- _RECORDS SHOWN_:
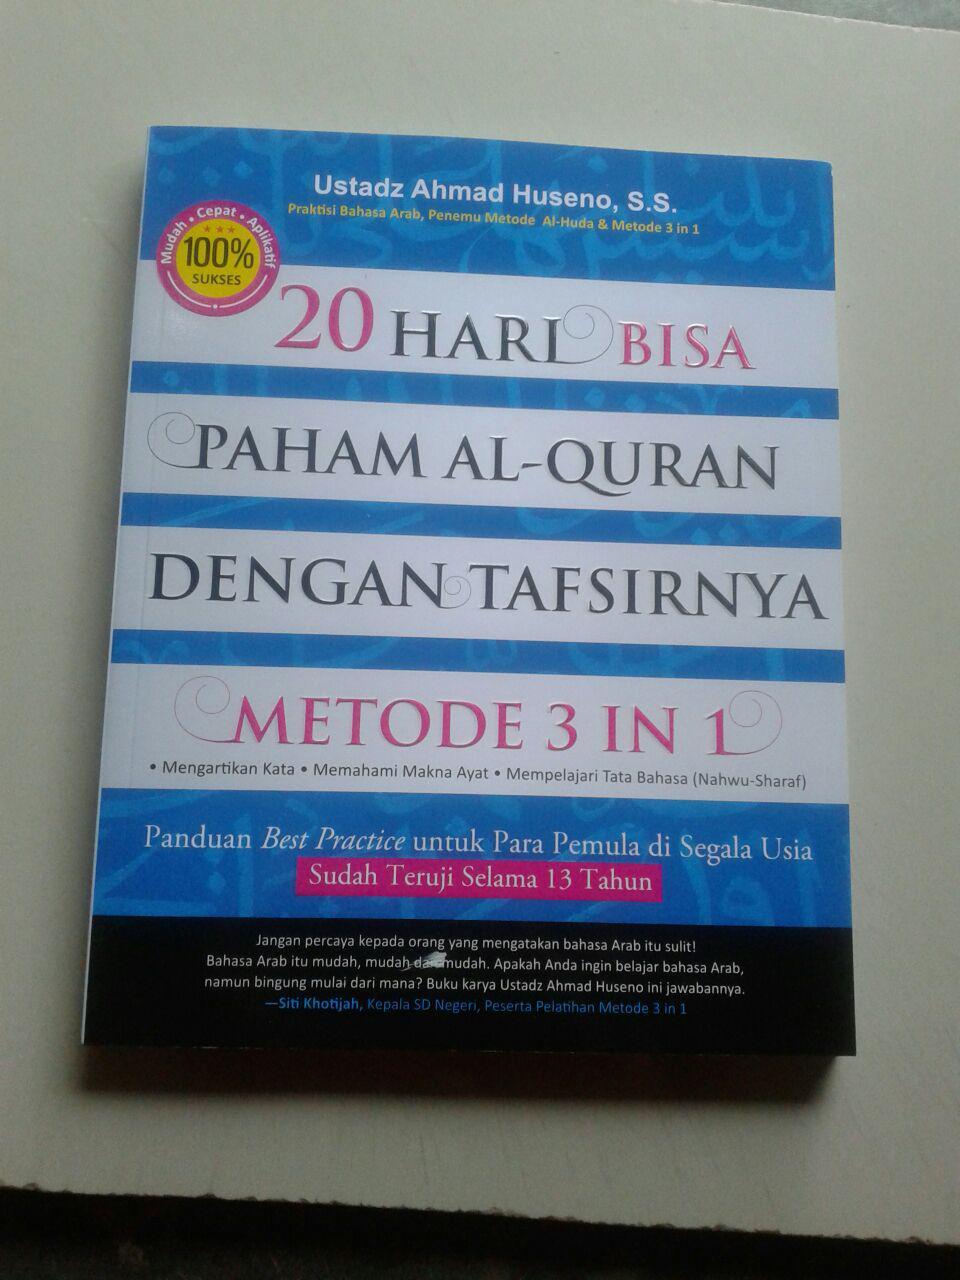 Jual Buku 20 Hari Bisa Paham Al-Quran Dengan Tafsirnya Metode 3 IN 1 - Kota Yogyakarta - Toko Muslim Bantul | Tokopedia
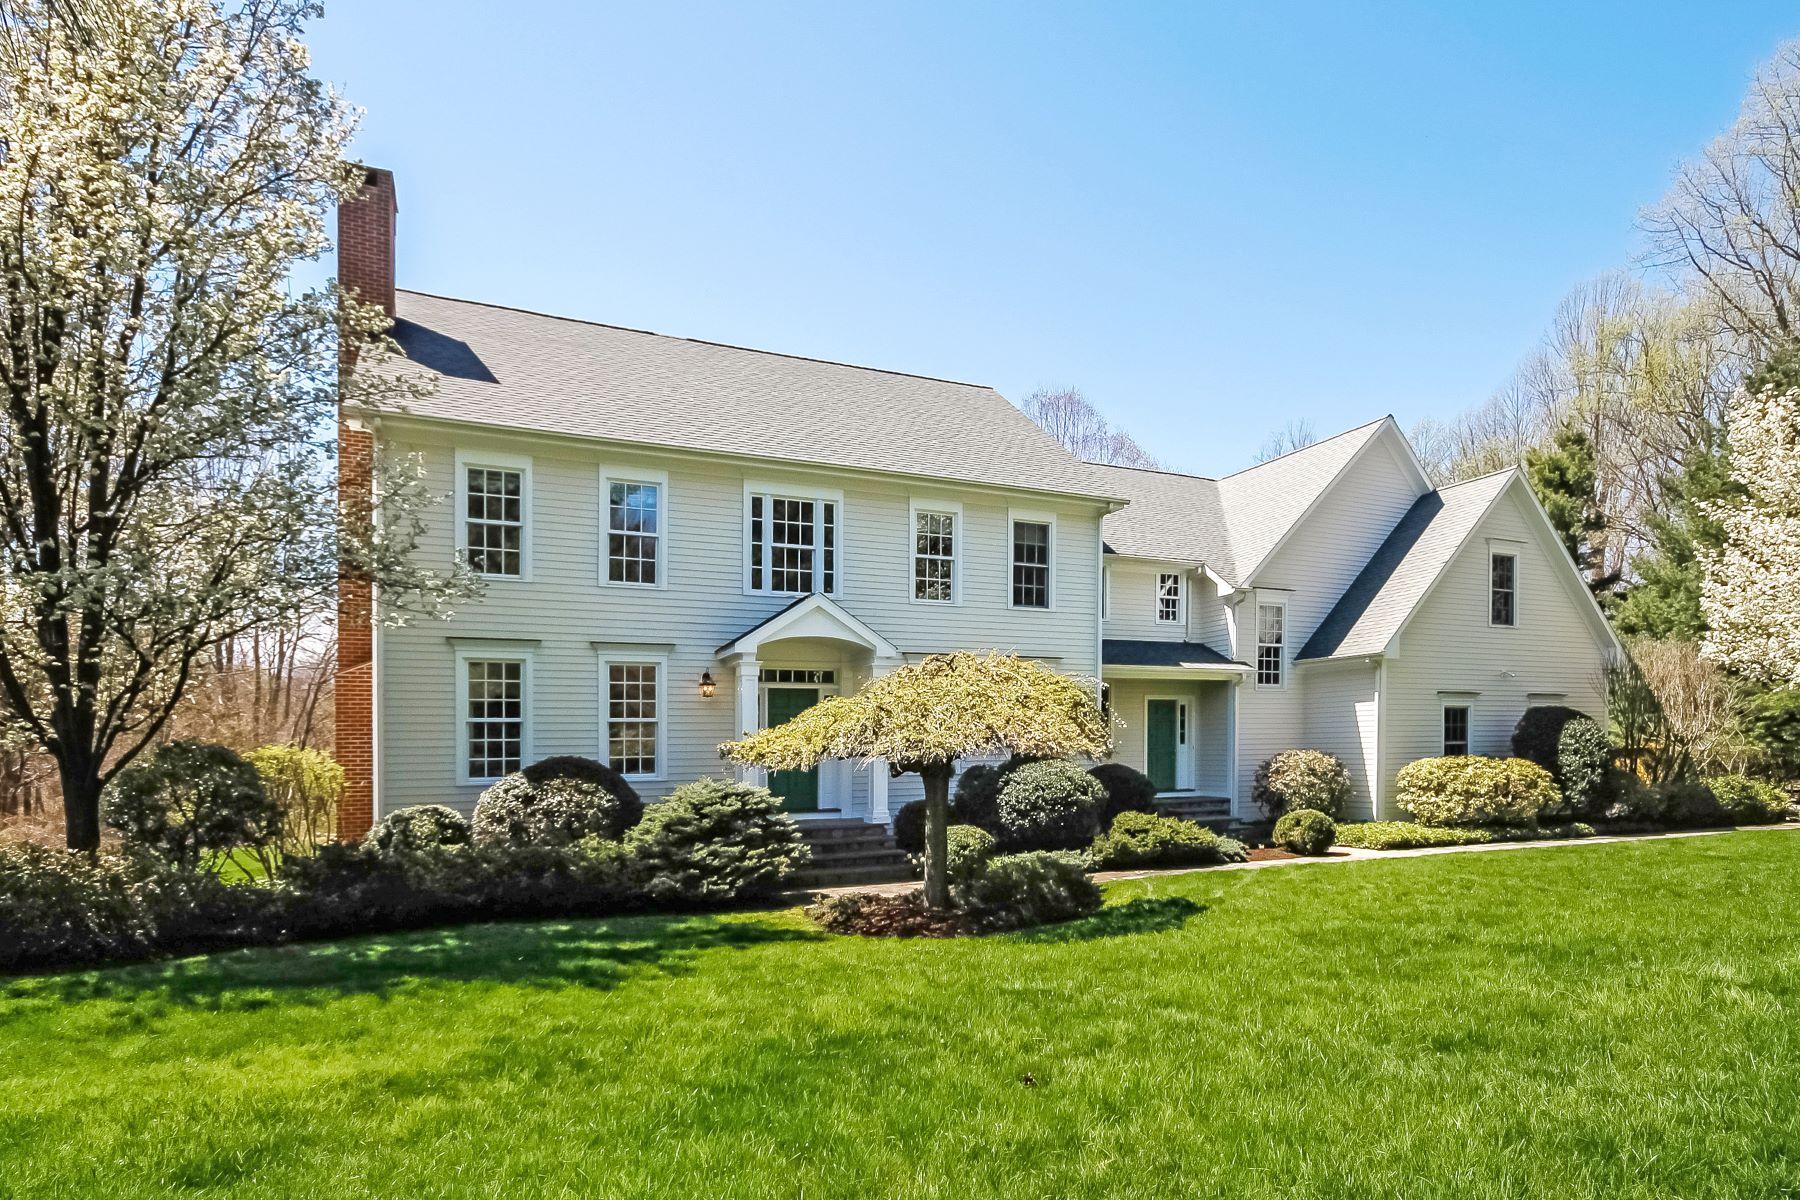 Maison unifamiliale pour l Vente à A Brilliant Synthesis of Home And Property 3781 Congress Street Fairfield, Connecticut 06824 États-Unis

--

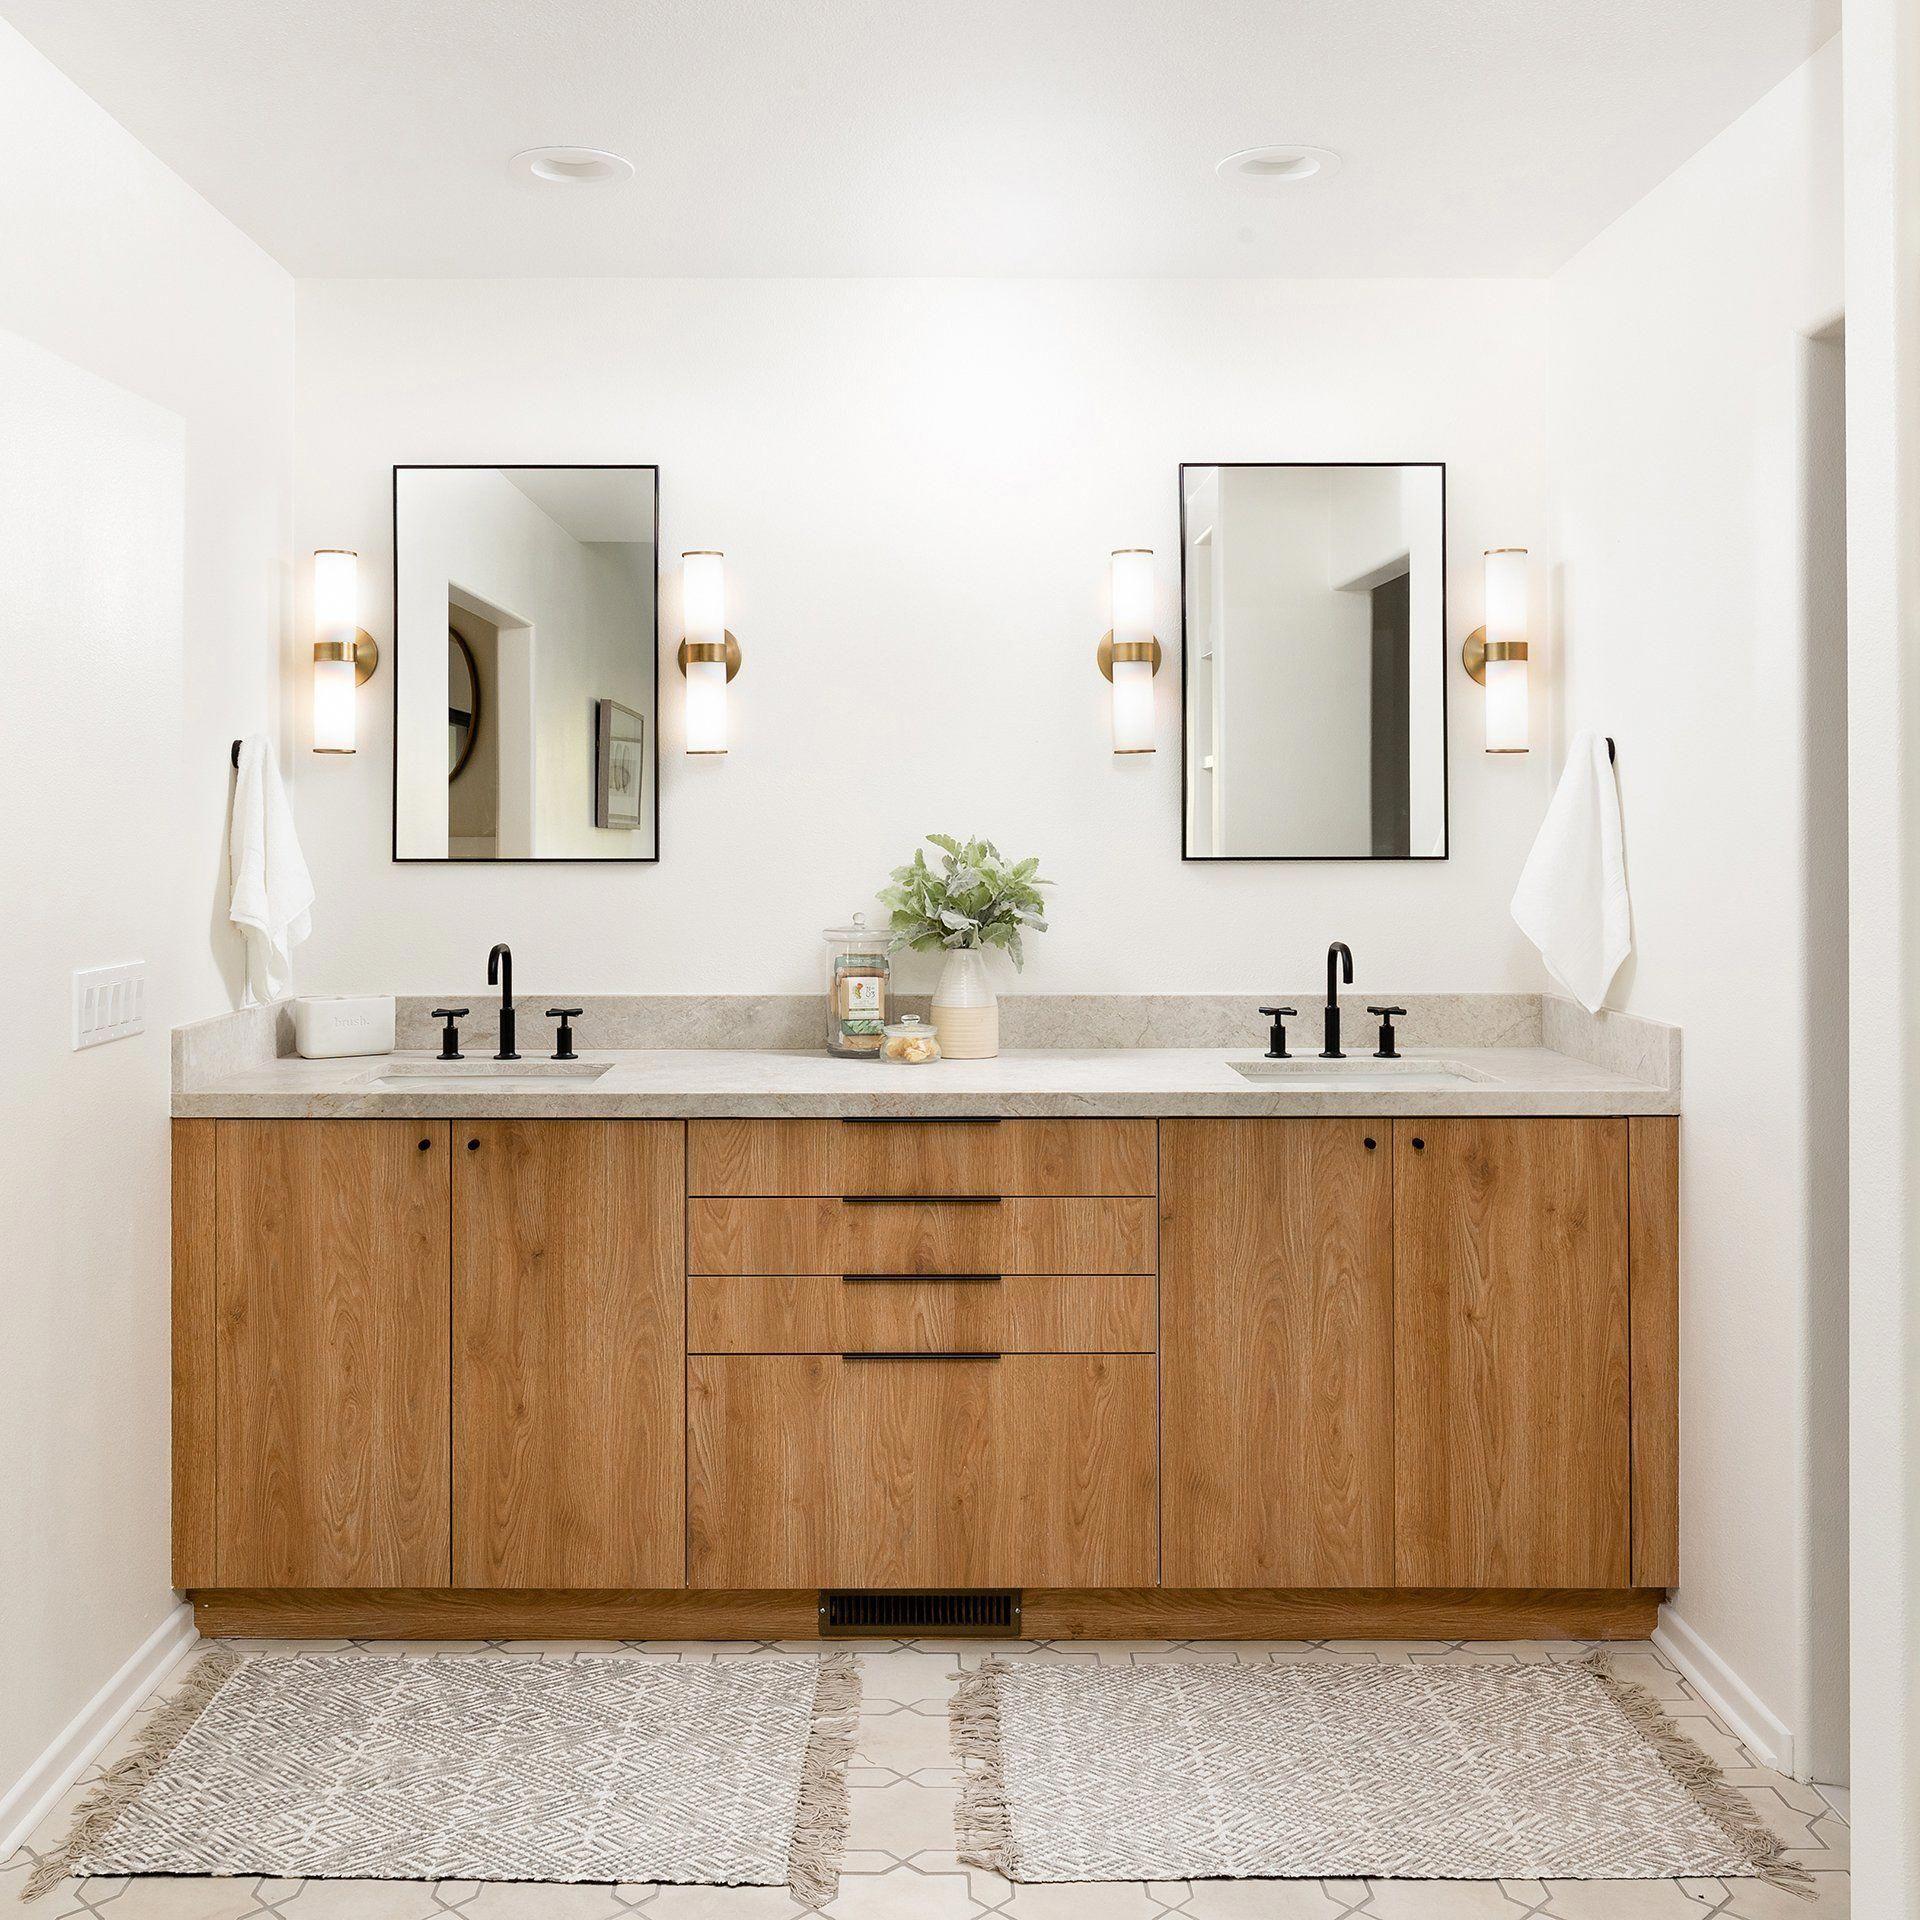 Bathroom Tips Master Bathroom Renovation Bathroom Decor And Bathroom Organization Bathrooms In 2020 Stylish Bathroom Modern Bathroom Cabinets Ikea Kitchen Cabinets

- _HOW TO COMPLETE THIS TASK_: In the records above, find the line with "Jual Buku 20" and the line with "Maison unifamiliale pour", then restate word for word only those two lines and all lines between, omitting pictures.

- _TASK OUTPUT_:
 Jual Buku 20 Hari Bisa Paham Al-Quran Dengan Tafsirnya Metode 3 IN 1 - Kota Yogyakarta - Toko Muslim Bantul | Tokopedia
 Maison unifamiliale pour l Vente à A Brilliant Synthesis of Home And Property 3781 Congress Street Fairfield, Connecticut 06824 États-Unis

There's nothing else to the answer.